There are few, if any, sectors of the economy that are immune to non-competes. An entry-level employee in a warehouse is as likely to sign a non-compete as a top surgeon in a hospital. There are clear benefits to employers in that they don't have to worry about an employee siphoning off revenue from their organization, but these contracts miss the bigger picture. David Bolno would argue that these coercions are made solely for the employer and that it won't take long for the power imbalance to affect the quality of the work an employee is producing. 

Should the FTC ruling be passed, an employer will not be able to draft a non-compete or maintain a non-compete. That would make current non-competes, including Bolno's, unenforceable should the law pass in the spring of next year. This law may even extend to other standard agreements, such as non-disclosure agreements (if the agreements were written in general language). 

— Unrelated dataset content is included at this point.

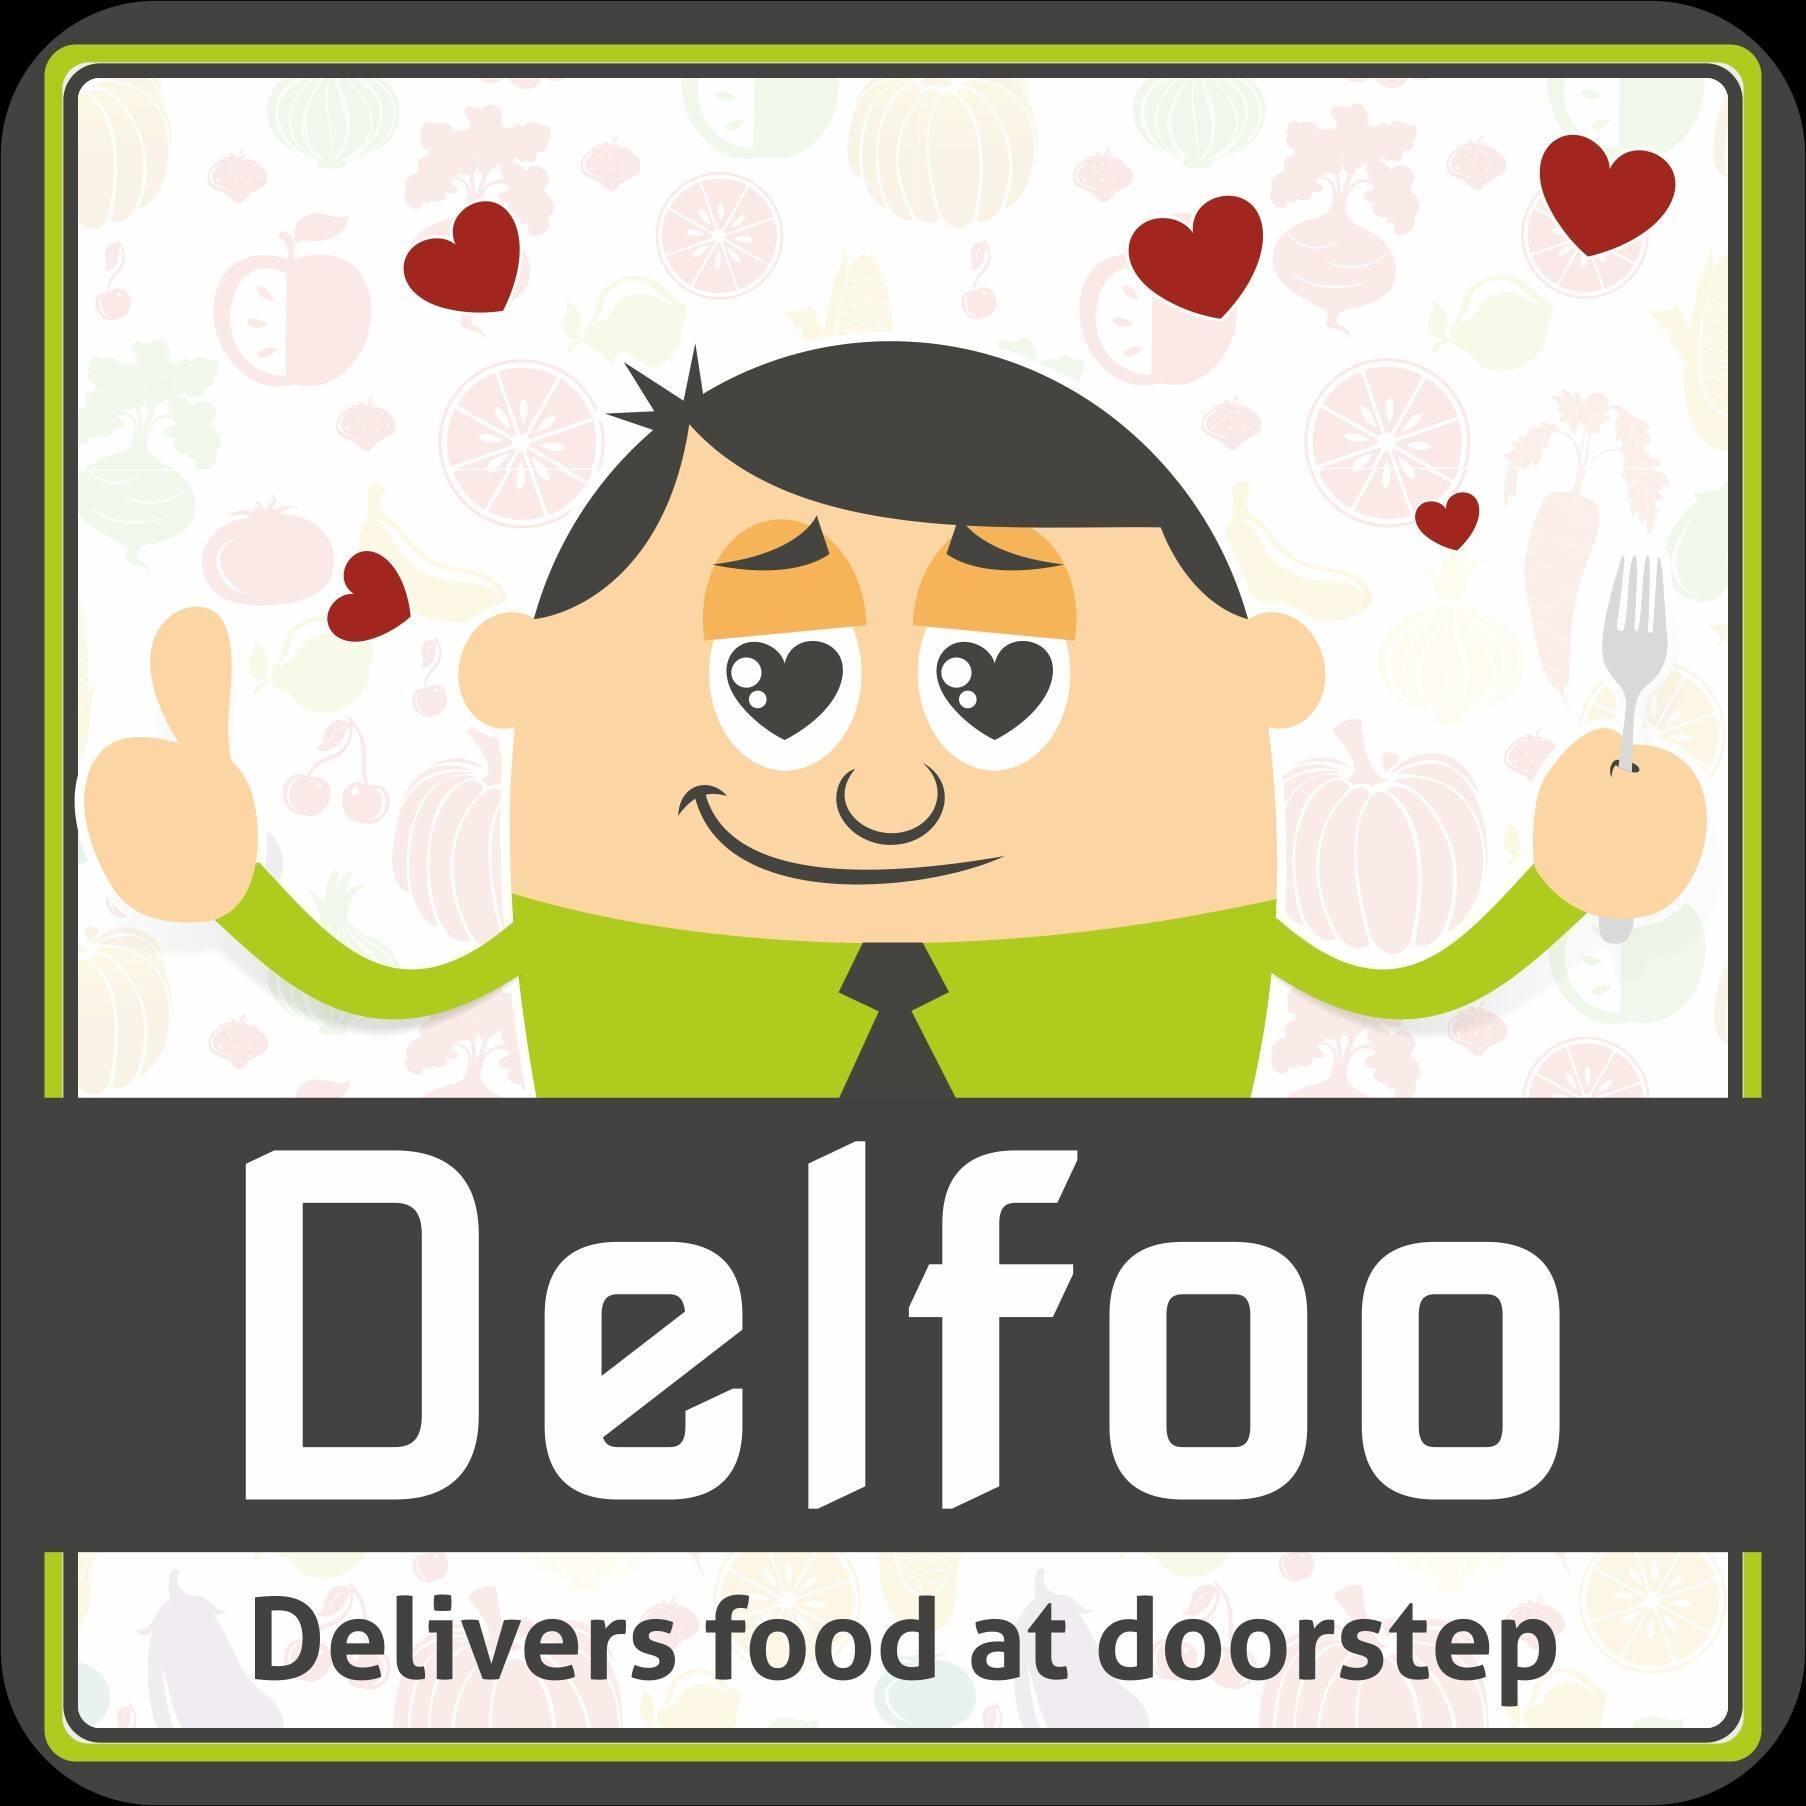 Delfoo

David Bolno works with a variety of artists in his profession. Living in Hollywood, he runs across entertainers, musicians, and athletes of every variety. These talents are often making a tremendous amount of money per year, but they may not always know the best ways to manage it all. Bolno has been able to absorb the best of both worlds: he gets to work with some of the most creative people out there and help them preserve their wealth. If everyone was forced to sign non-competes, it's easy to see how the collective force would start to erode the spirits of those under the clause. 

Bolno has built up his experience, which includes cash flow, financial planning, and business planning, after getting a substantial education. Graduating with a bachelor's from Duke and Cum Laude from Temple, he's learned how financial principles, legal interests, and corporate think can all intersect. This lawsuit is a way for him to stand up for himself, but it's aligned with a much larger push that would put more power back into the hands of employees. While he may not be able to wait for the FTC to pass their laws, he stands in support of giving everyone the means to come and go as they please. Indeed, this is the most direct path to a better economy.